On 2002.02.17 02:50 Sean Farley wrote:
On Sat, 16 Feb 2002 12:06, Dimitrie O. Paun wrote:
On Sat, 16 Feb 2002, Marcus Meissner wrote:
And especially:
http://groups.google.com/groups?hl=de&selm=1szq0fy8sm.fsf_-_%40lrcsuns.e...
OK,
What about this:
http://groups.google.com/groups?q=Ingo+Molnar+group:comp.emulators.ms-window...
Linus's quote was quite interesting:
I don't personally contribute - partly because of the same worries that Ingo Molnar brought up some time ago, ie the copyright. It's not that I dislike the wine copyright - I actually think that the BSD-style copyrights can be a good thing. But _personally_ I don't want to do significant work under that kind of copyright and having to wonder whether the best version of Wine will be free in the future..
That was almost the same as Brett's message concerning working on Wine if it was xGPL'd.
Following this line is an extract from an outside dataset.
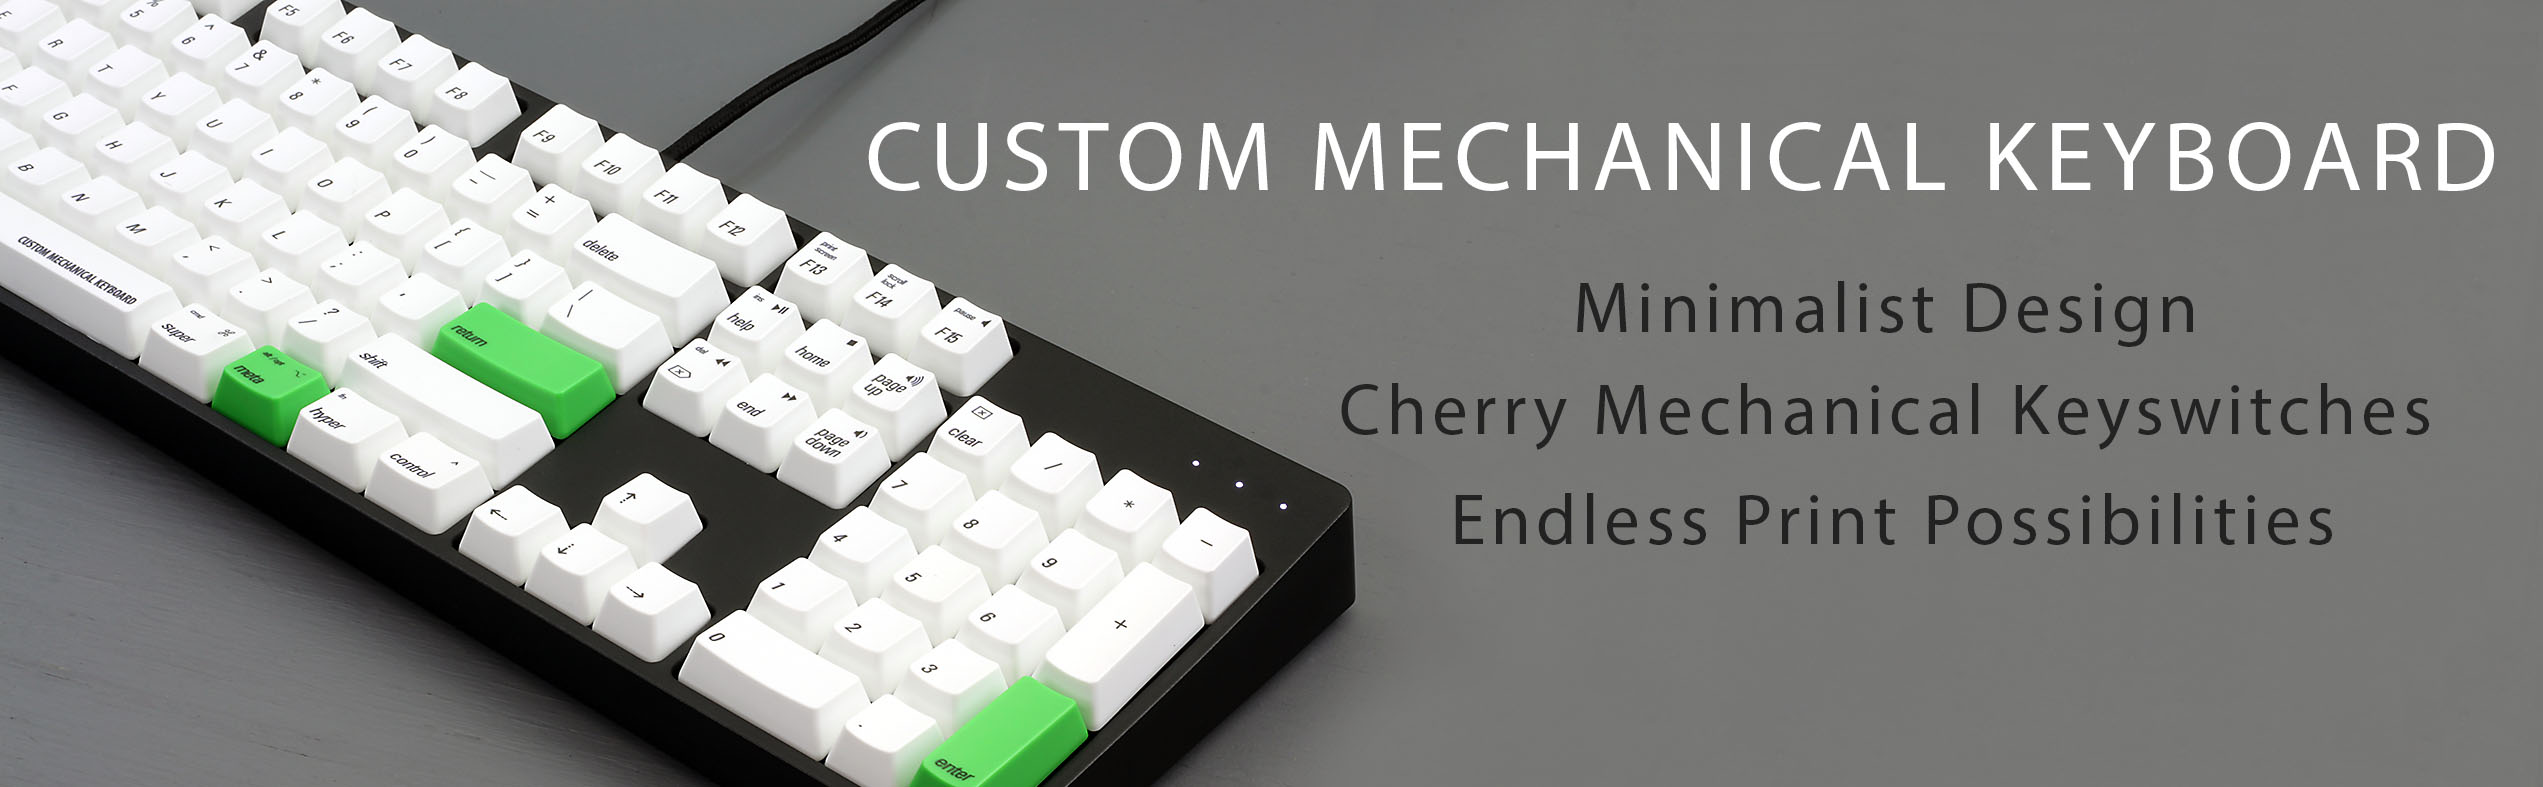 Max Keyboard Custom Mechanical Keyboards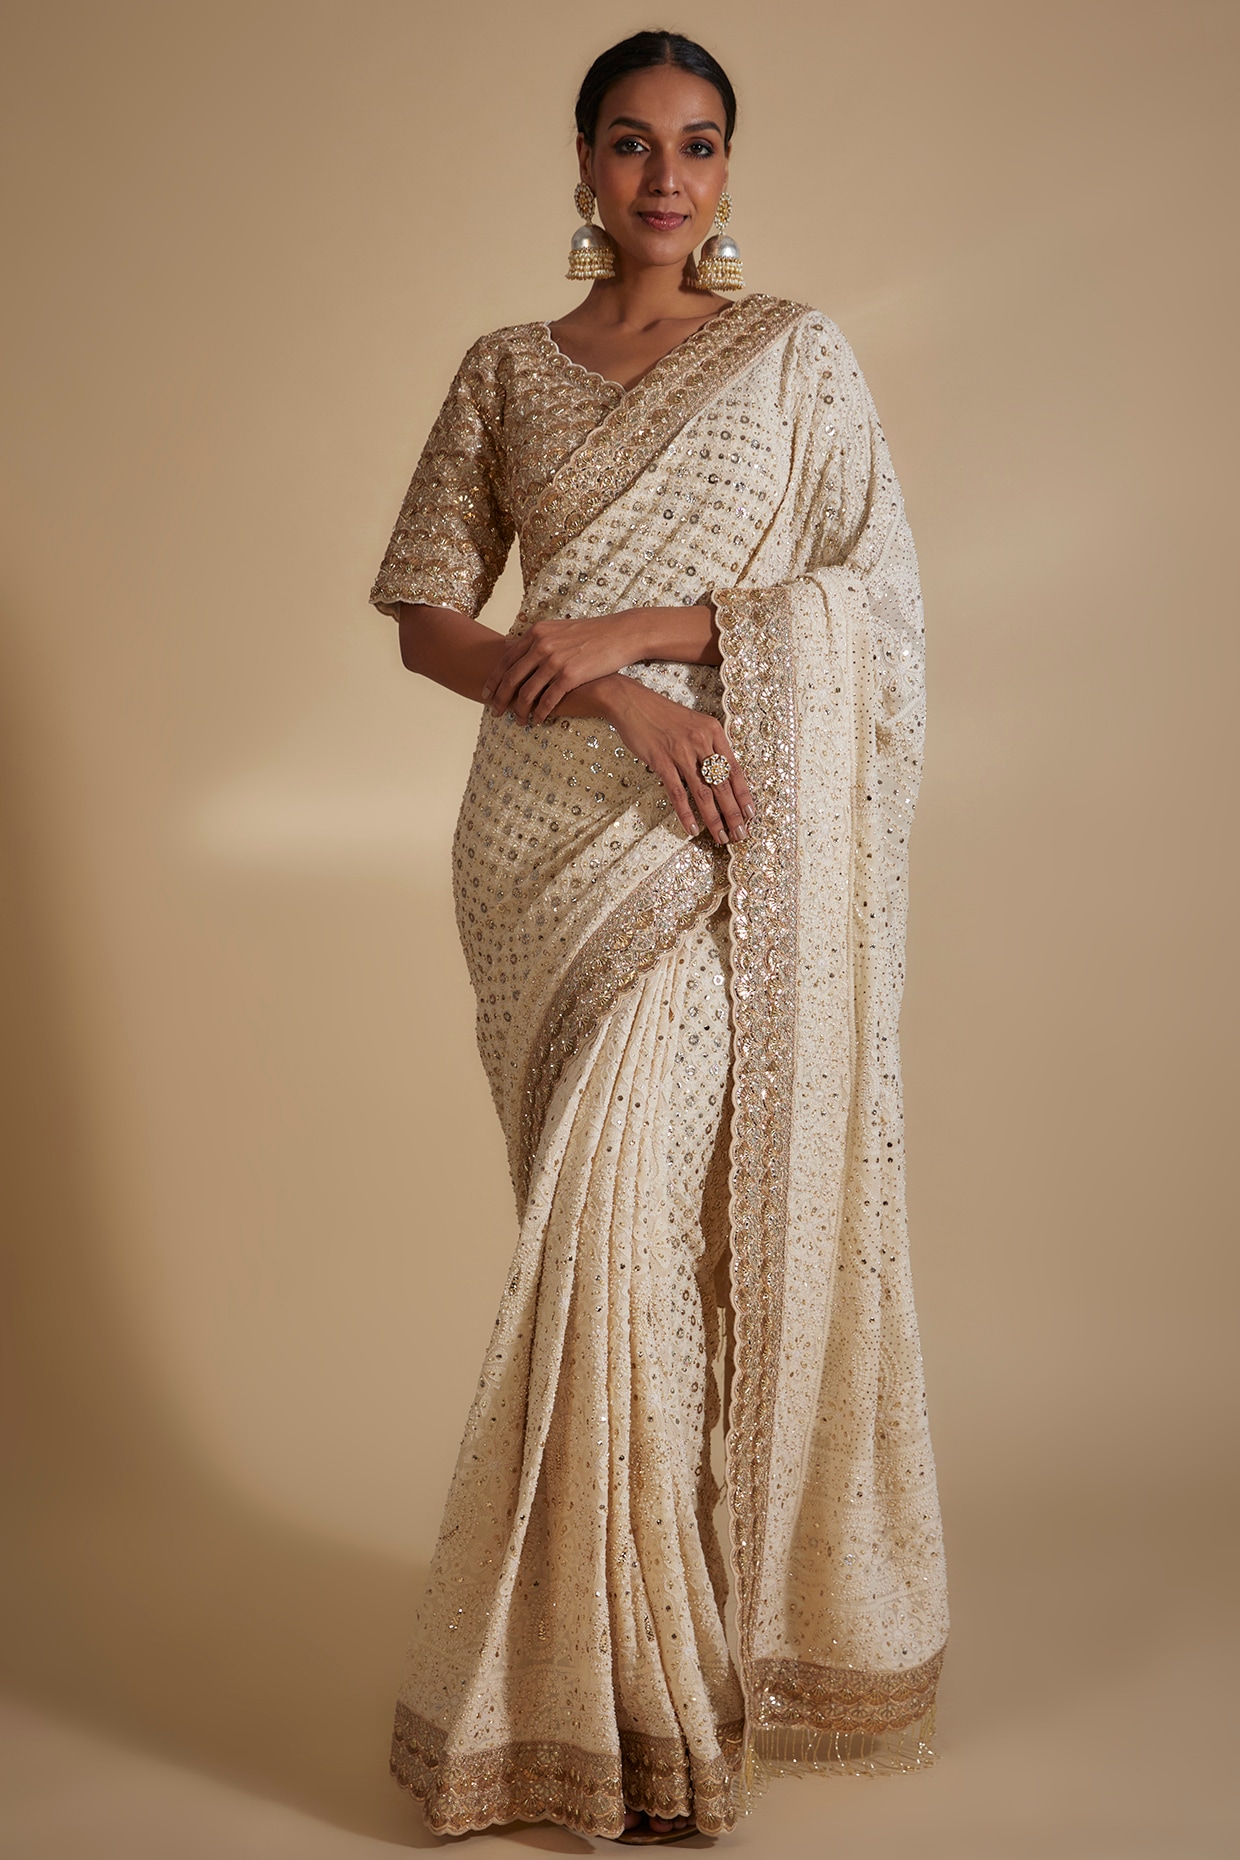 Sandal wood silk Designer Wedding Fancy Sarees Designer 27-35 at Rs 3000.00  | Surat| ID: 26612898562

Almost, but not quite. Brett's quote seemed more like he was trying to hold it over our heads like "See, I won't contribute if you go LGPL and you'll lose all the wondeful commercial developers like me!". Linus's quote was more like "I won't contribute if you're not under a copyleft, but I have no vote so take that as nothing more than my opinion". Then it was left at that, there was no ongoing argument for a week about it. Linus was certainly more tactful.
In other words, I took Brett's attitude as being hostile towards the project from the beginning but when I read Linus's comments there was no hostility involved. Maybe it is just that Linus is a better writer.
or this:
http://groups.google.com/groups?q=Ingo+Molnar+group:comp.emulators.ms-window...
This made me wonder about what happened to TWIN. I noticed they faded away. If anyone thinks xGPL'ing WINE will bring more support, they should look at TWIN. I am not saying the license killed it, but I am saying that the LGPL did not bring it any support.
I am about 99% sure that TWIN was released under LGPL after Willows had no interest in it whatsoever. Back in the day Codeweavers did a lot of projects by combining Twin and WINE into "Twine" and using that to do ports. So Jeremy is certainly no stranger to using an LGPLd Wine-like project for his business.